# Goldens wearing a baseball hat



## vrocco1 (Feb 25, 2006)

I want to get Harley hats for my doggies!


----------



## PeggyK (Apr 16, 2005)

Baseball??????????? Our house is strictly football!!!! OK-I do have soft spot in my heart for the Mets.


----------



## Jazz & Jules (Feb 25, 2007)

This close enough? (You know how Jasmine loves to show off her wardrobe!)


----------



## Ninde'Gold (Oct 21, 2006)

I don't think I could ever get Tucker to wear anything.... he runs away from everything...haha.


----------



## Rob's GRs (Feb 25, 2007)

Ok I finally got a picture of Liam wearing one.

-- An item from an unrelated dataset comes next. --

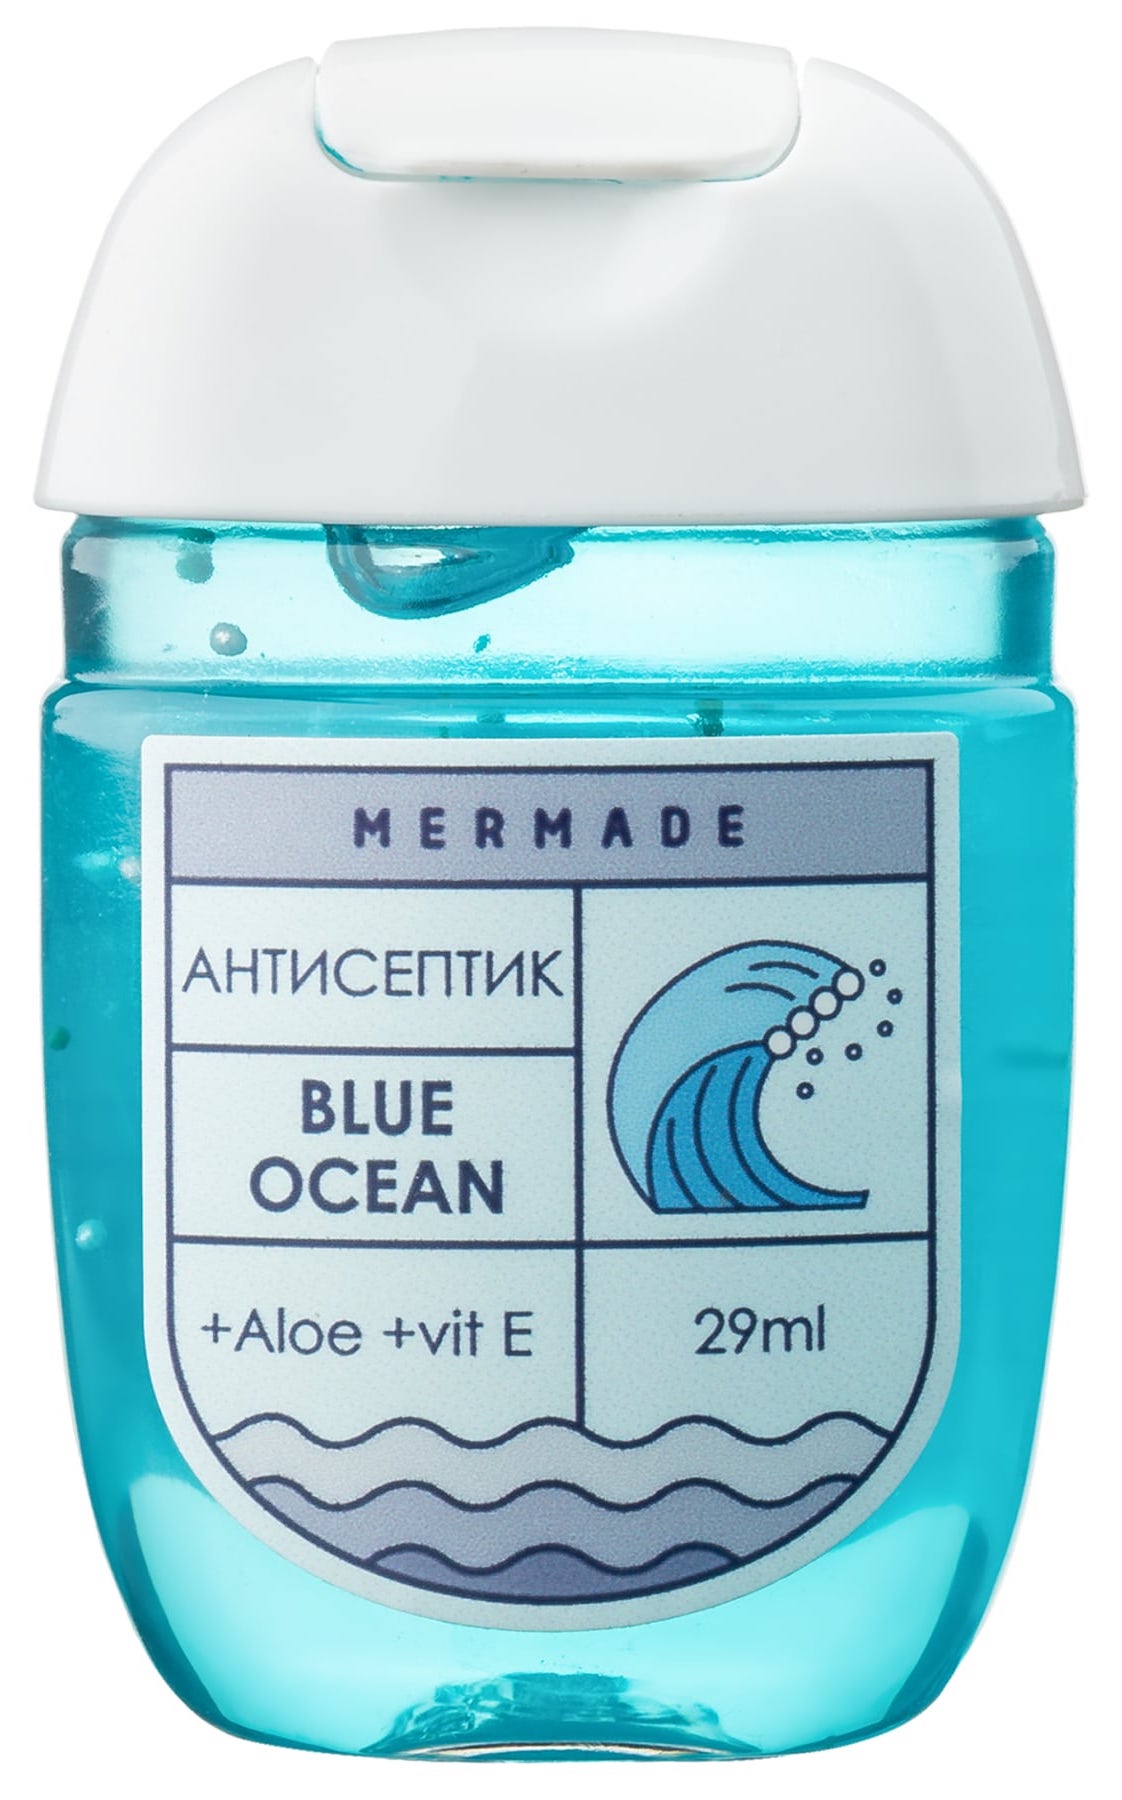 Антисептик MERMADE Blue Ocean (Тропики) 29мл в Киеве

You guys are right, this was not easy to get.....:bowl: :bowl:


----------



## mblondetoo (Jan 9, 2006)

Tabitha hates wearing stuff but at least put up with it.


----------



## Katiesmommy (Sep 10, 2006)

oh my gosh - these pics are tooo funny -


----------



## Banner (Jan 25, 2006)

Keep them in line or Ripley will have to crack down.


----------



## Angela Mina (Feb 25, 2007)

Here's one of Goldy!


----------



## GoldenShamus (Feb 26, 2007)

I don't think I have any b/c getting Shamus to wear a cap is downright impossible!! LOL

But, I love all of your pics, they are great!!


----------



## MrsMonk (Feb 25, 2007)

How about a theme park hat?
Or maybe a doo rag?


----------



## RickGibbs (Dec 16, 2005)




----------



## Angel_Kody (Feb 27, 2007)

Not really a baseball hat but here's Jester last halloween in his Harley "Bad to the Bone" costume!


----------



## justmejanis (Feb 25, 2007)

Your pictures are all just great. Mary, you kill me with that Sunny girl. How you get her to sit for those pictures is beyond me. This has been a very fun thread!


----------



## goldengirls&boys (Mar 4, 2007)

Oh those are all so cute!!!!


----------



## Brinkleysmom (Dec 17, 2005)

Hey Rob, I missed this the first time around; but here are a few of Brinks, wearing her hats.


----------



## boyd114 (Mar 7, 2007)

not a baseball hat but still a hat!


----------



## Carsonsdaddy (Nov 1, 2006)

It's not a hat per se....but it's on his head...


----------



## kmgrady (Jan 7, 2007)

*A little sleepy*

He never even knew we took his picture.


----------